* Task to carry out *
Could you print every record below exactly as written?

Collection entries
[Start of section]
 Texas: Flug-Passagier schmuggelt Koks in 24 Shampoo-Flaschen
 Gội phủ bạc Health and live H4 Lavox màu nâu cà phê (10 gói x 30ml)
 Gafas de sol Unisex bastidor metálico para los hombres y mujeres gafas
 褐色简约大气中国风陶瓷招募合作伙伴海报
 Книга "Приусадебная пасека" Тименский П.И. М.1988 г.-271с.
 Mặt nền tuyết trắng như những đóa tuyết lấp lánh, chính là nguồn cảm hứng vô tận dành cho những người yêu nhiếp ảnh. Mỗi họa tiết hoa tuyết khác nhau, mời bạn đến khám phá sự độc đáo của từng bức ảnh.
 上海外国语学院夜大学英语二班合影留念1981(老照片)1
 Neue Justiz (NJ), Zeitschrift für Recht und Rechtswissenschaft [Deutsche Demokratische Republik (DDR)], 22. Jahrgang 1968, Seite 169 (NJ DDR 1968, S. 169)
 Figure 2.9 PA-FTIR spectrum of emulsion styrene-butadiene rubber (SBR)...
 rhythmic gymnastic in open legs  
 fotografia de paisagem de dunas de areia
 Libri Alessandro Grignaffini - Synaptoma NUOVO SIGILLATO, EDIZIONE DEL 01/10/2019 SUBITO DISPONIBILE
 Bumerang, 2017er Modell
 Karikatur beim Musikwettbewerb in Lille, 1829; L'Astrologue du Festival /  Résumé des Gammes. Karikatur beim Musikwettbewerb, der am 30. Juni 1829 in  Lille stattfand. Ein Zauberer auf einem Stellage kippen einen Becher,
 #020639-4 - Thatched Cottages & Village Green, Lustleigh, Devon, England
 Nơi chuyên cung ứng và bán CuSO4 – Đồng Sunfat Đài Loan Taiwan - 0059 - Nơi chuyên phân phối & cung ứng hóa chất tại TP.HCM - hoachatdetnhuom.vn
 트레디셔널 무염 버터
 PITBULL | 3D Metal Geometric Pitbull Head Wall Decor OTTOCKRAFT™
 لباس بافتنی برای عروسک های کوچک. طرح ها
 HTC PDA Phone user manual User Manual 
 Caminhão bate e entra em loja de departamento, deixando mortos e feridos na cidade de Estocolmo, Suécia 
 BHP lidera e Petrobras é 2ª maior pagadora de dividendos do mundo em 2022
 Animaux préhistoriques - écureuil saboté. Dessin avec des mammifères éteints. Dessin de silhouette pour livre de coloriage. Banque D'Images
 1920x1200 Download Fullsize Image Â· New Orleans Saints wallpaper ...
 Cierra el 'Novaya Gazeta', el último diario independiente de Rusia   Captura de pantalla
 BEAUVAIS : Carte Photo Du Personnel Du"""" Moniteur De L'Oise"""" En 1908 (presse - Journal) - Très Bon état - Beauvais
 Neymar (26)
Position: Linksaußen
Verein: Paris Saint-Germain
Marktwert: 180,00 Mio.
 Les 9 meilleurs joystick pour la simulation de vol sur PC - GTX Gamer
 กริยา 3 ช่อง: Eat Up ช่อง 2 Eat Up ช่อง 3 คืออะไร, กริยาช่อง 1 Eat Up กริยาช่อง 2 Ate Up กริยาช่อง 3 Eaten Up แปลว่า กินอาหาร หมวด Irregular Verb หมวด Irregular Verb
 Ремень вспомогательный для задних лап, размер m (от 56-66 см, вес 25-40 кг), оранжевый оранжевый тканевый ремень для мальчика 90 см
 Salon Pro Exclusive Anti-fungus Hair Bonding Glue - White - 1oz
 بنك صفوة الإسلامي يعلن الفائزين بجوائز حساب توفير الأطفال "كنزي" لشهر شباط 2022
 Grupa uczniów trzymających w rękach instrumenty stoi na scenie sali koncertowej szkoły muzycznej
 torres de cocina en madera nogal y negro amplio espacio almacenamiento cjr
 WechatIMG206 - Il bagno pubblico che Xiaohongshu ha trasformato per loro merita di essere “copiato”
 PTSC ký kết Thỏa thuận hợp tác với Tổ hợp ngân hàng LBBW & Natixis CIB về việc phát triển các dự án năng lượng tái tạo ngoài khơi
[End of section]
* Output below *
 Texas: Flug-Passagier schmuggelt Koks in 24 Shampoo-Flaschen
 Gội phủ bạc Health and live H4 Lavox màu nâu cà phê (10 gói x 30ml)
 Gafas de sol Unisex bastidor metálico para los hombres y mujeres gafas
 褐色简约大气中国风陶瓷招募合作伙伴海报
 Книга "Приусадебная пасека" Тименский П.И. М.1988 г.-271с.
 Mặt nền tuyết trắng như những đóa tuyết lấp lánh, chính là nguồn cảm hứng vô tận dành cho những người yêu nhiếp ảnh. Mỗi họa tiết hoa tuyết khác nhau, mời bạn đến khám phá sự độc đáo của từng bức ảnh.
 上海外国语学院夜大学英语二班合影留念1981(老照片)1
 Neue Justiz (NJ), Zeitschrift für Recht und Rechtswissenschaft [Deutsche Demokratische Republik (DDR)], 22. Jahrgang 1968, Seite 169 (NJ DDR 1968, S. 169)
 Figure 2.9 PA-FTIR spectrum of emulsion styrene-butadiene rubber (SBR)...
 rhythmic gymnastic in open legs  
 fotografia de paisagem de dunas de areia
 Libri Alessandro Grignaffini - Synaptoma NUOVO SIGILLATO, EDIZIONE DEL 01/10/2019 SUBITO DISPONIBILE
 Bumerang, 2017er Modell
 Karikatur beim Musikwettbewerb in Lille, 1829; L'Astrologue du Festival /  Résumé des Gammes. Karikatur beim Musikwettbewerb, der am 30. Juni 1829 in  Lille stattfand. Ein Zauberer auf einem Stellage kippen einen Becher,
 #020639-4 - Thatched Cottages & Village Green, Lustleigh, Devon, England
 Nơi chuyên cung ứng và bán CuSO4 – Đồng Sunfat Đài Loan Taiwan - 0059 - Nơi chuyên phân phối & cung ứng hóa chất tại TP.HCM - hoachatdetnhuom.vn
 트레디셔널 무염 버터
 PITBULL | 3D Metal Geometric Pitbull Head Wall Decor OTTOCKRAFT™
 لباس بافتنی برای عروسک های کوچک. طرح ها
 HTC PDA Phone user manual User Manual 
 Caminhão bate e entra em loja de departamento, deixando mortos e feridos na cidade de Estocolmo, Suécia 
 BHP lidera e Petrobras é 2ª maior pagadora de dividendos do mundo em 2022
 Animaux préhistoriques - écureuil saboté. Dessin avec des mammifères éteints. Dessin de silhouette pour livre de coloriage. Banque D'Images
 1920x1200 Download Fullsize Image Â· New Orleans Saints wallpaper ...
 Cierra el 'Novaya Gazeta', el último diario independiente de Rusia   Captura de pantalla
 BEAUVAIS : Carte Photo Du Personnel Du"""" Moniteur De L'Oise"""" En 1908 (presse - Journal) - Très Bon état - Beauvais
 Neymar (26)
Position: Linksaußen
Verein: Paris Saint-Germain
Marktwert: 180,00 Mio.
 Les 9 meilleurs joystick pour la simulation de vol sur PC - GTX Gamer
 กริยา 3 ช่อง: Eat Up ช่อง 2 Eat Up ช่อง 3 คืออะไร, กริยาช่อง 1 Eat Up กริยาช่อง 2 Ate Up กริยาช่อง 3 Eaten Up แปลว่า กินอาหาร หมวด Irregular Verb หมวด Irregular Verb
 Ремень вспомогательный для задних лап, размер m (от 56-66 см, вес 25-40 кг), оранжевый оранжевый тканевый ремень для мальчика 90 см
 Salon Pro Exclusive Anti-fungus Hair Bonding Glue - White - 1oz
 بنك صفوة الإسلامي يعلن الفائزين بجوائز حساب توفير الأطفال "كنزي" لشهر شباط 2022
 Grupa uczniów trzymających w rękach instrumenty stoi na scenie sali koncertowej szkoły muzycznej
 torres de cocina en madera nogal y negro amplio espacio almacenamiento cjr
 WechatIMG206 - Il bagno pubblico che Xiaohongshu ha trasformato per loro merita di essere “copiato”
 PTSC ký kết Thỏa thuận hợp tác với Tổ hợp ngân hàng LBBW & Natixis CIB về việc phát triển các dự án năng lượng tái tạo ngoài khơi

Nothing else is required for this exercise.